The only thing that limited what Alston was able to do in the first spring under Holgorsen was the running back's health. He had a nagging neck injury that caused him to cautiously approach what is normally a vicious game.

He wasn't even healthy at the time of the start of the 2011 season, and that allowed fellow returning back Vernard Roberts to earn the start. Roberts quickly left the team after he lost his job to the freshmen – the problem everyone thought Alston would have.

Meanwhile, Alston was working hard to get healthy as the smaller backs were struggling to get anything going in the running game.

"[The coaching staff] really didn't get a chance to see what I could do, because I wasn't healthy. I knew if I took care of my part, and I went out there and showed what I could do, then things would come around," he said.
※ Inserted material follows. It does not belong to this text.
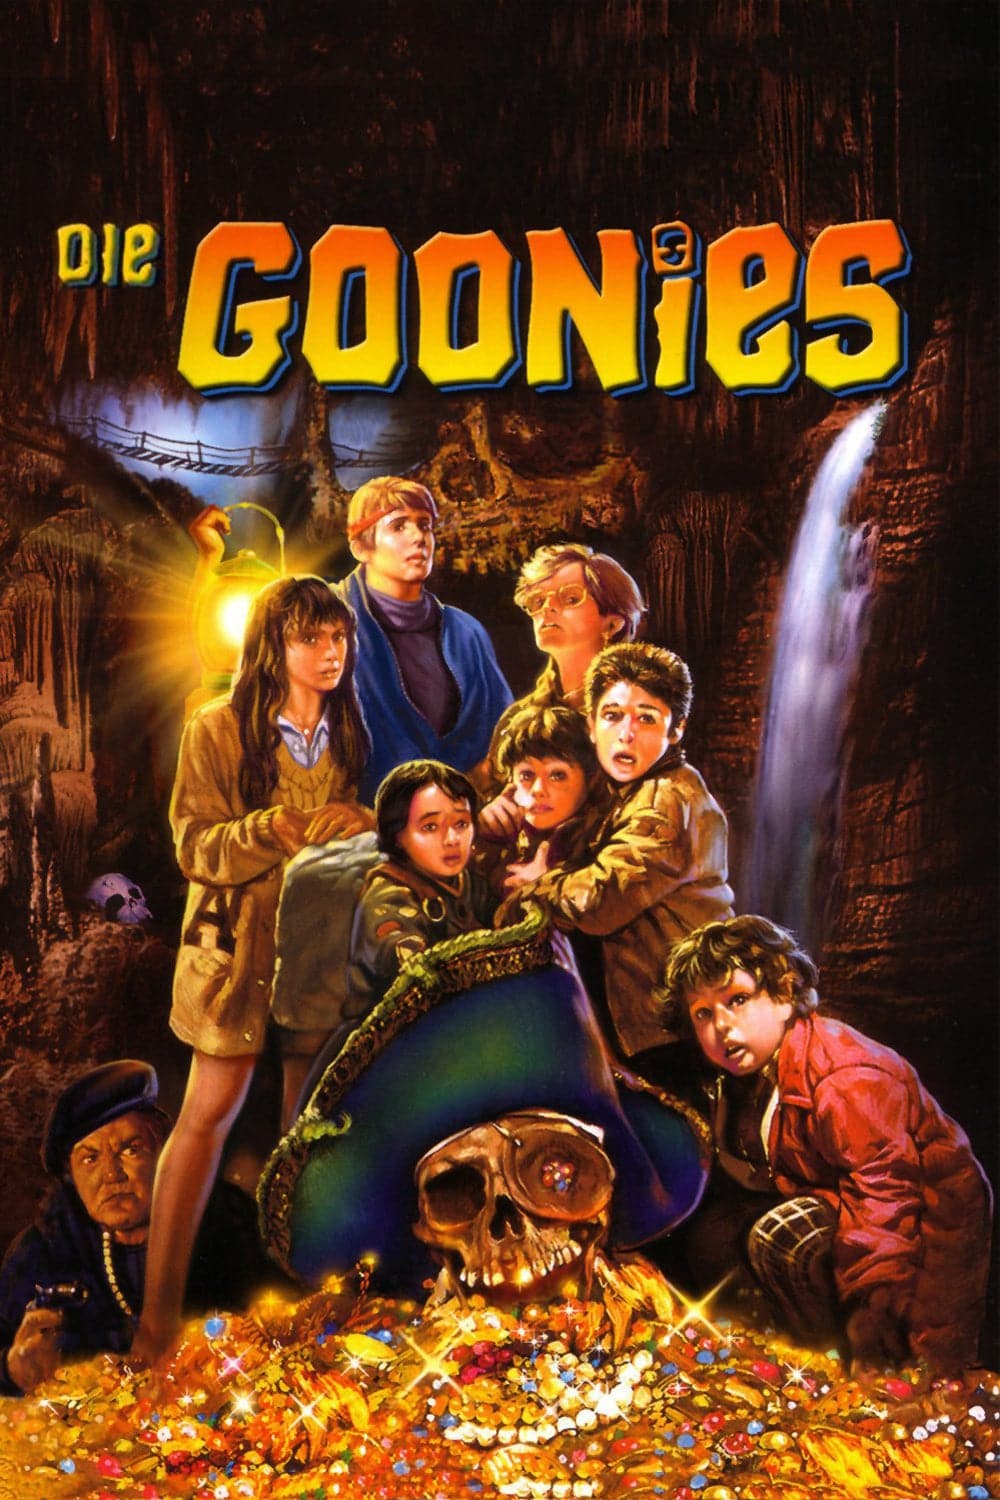 Plakat von "Die Goonies"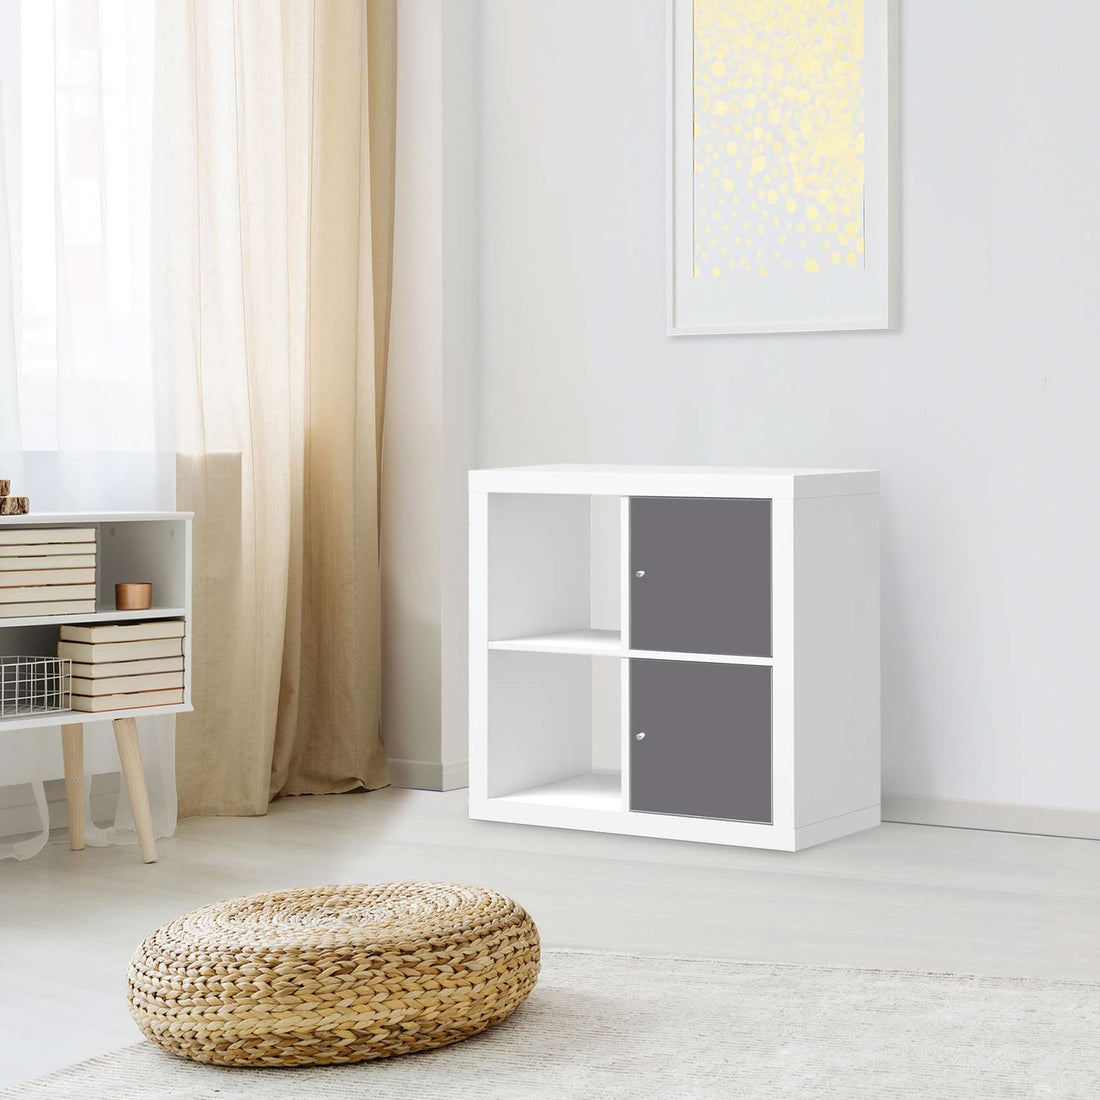 Klebefolie für Möbel Grau Light - IKEA Expedit Regal 2 Türen Hoch - Wohnzimmer

He saw his first action of 2011 vs. Maryland and rushed six times for 20 yards. He opened some people's eyes – maybe even the coaches' – with his ability to convert two third-down situations. Then, he busted onto the scene with 110 yards in a snowy Rutgers came a month or so later.

Alston finished with 416 rushing yard and a team-high 12 touchdowns in 2011.
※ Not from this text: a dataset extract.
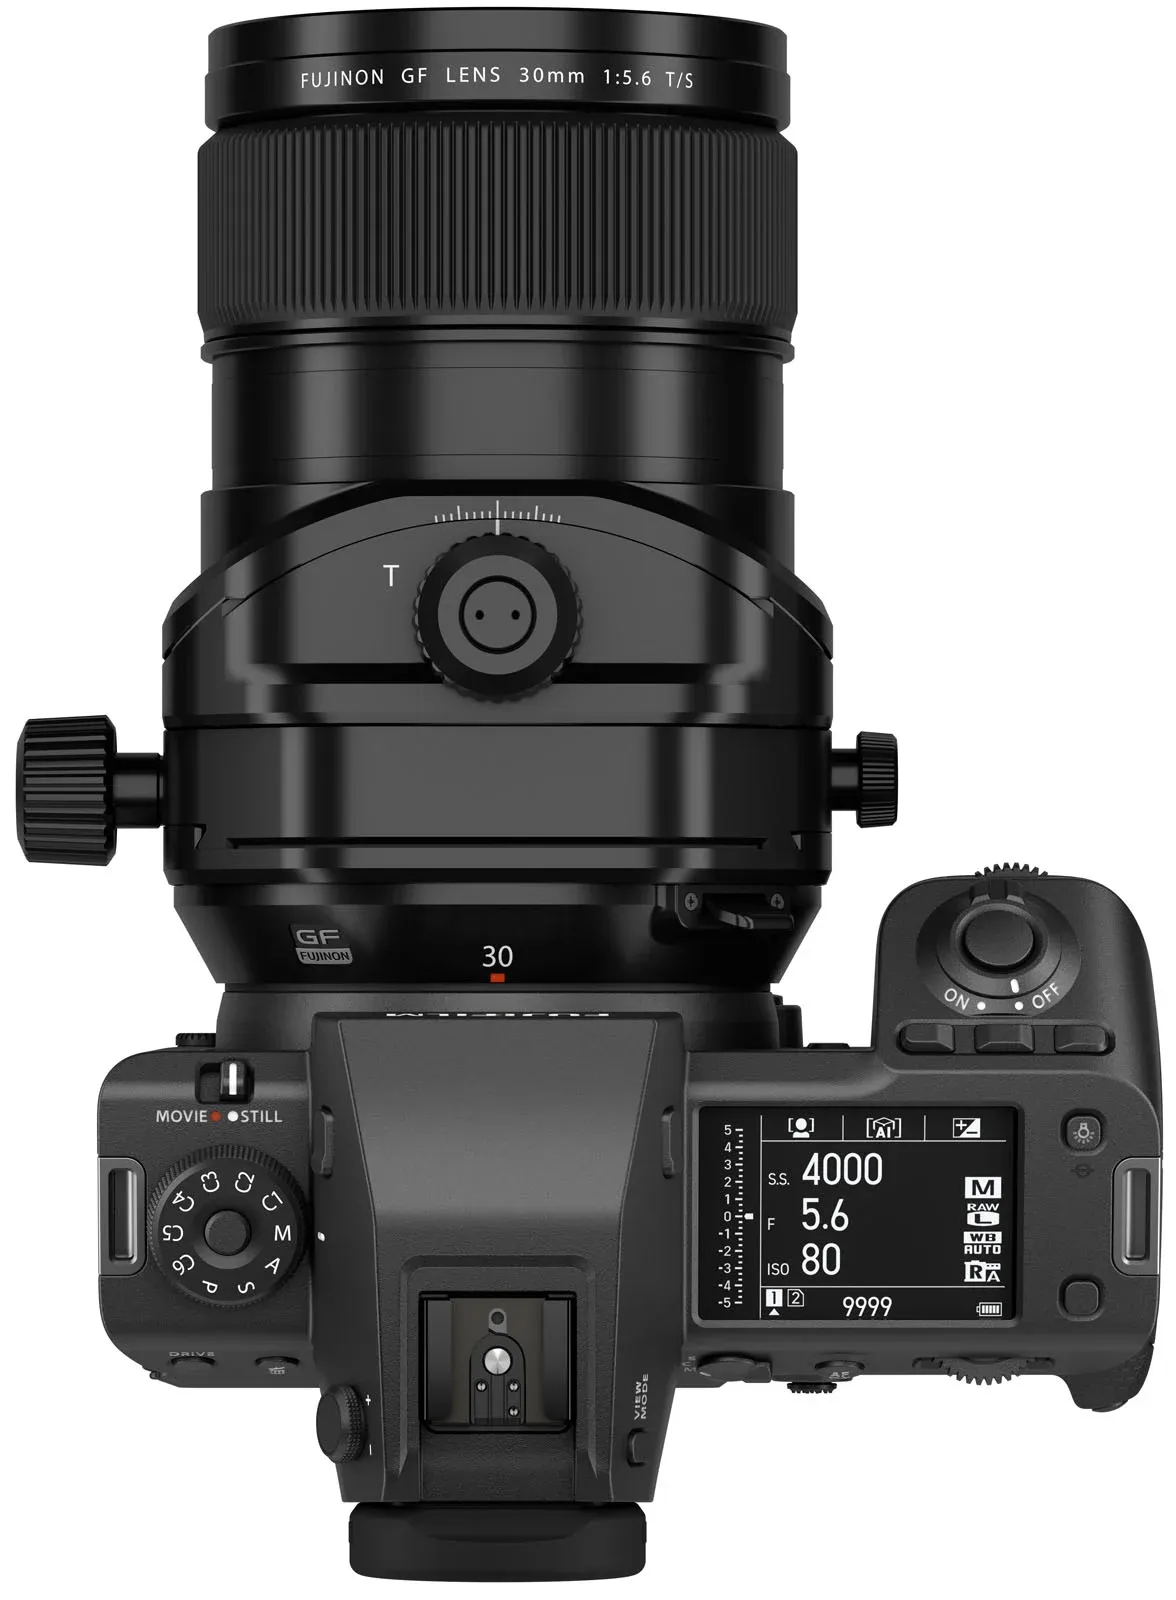 Fujifilm ra mắt máy ảnh Fujifilm GFX 100 II cùng hai ống kính tilt shift mới, cập nhật thêm ống kính 500mm vào lộ trình

"There's a pep in his step. The offensive line can definitely tell the difference when he's healthy, too," said running backs coach Robert Gillespie. "His attitude has always been good, but it's a lot livelier. I'm excited for him, because he's worked so hard in the offseason."

When Gillespie first came to WVU from Oklahoma State last year, he knew the knock against Alston – he couldn't stay healthy, couldn't finish spring and wasn't in shape.

"I let him know those were things he had to work on, and he took it to heart," Gillespie said. "In 2011, he was hurt and played through the pain. He was out there limping around, but you know what, he showed his teammates that this really matters to him."

Now, as a senior and a second-year player in this offense, Alston feels even more confident – though he has never really lacked that in his time at WVU.

"I'm healthy, so I think I'm expected to come in and compete for a starting position. Whereas, last year, I was expected to do the same thing, but I wasn't healthy," Alston said. "I had a real good offseason … so I'm just ready to come in and show the world what I can do.

"It just makes me more confident to know that I can go out there and not wonder what would happen if I get hit a certain way. I can just play my game to the fullest extent that I can."

Alston admits that with such a powerful passing attack led by quarterback Geno Smith and receivers Tavon Austin and Stedman Bailey, the Mountaineers won't be a run-heavy offense. But, there will be an opportunity for the running game. He knows that.

"We can definitely run the ball, but we have so many playmakers out there at receiver, so if you didn't give them an opportunity to make plays, that just wouldn't be good for the team," Alston said. "We'll get the opportunity to carry the ball a good bit this season and show that we can excel. I'm not worried about that."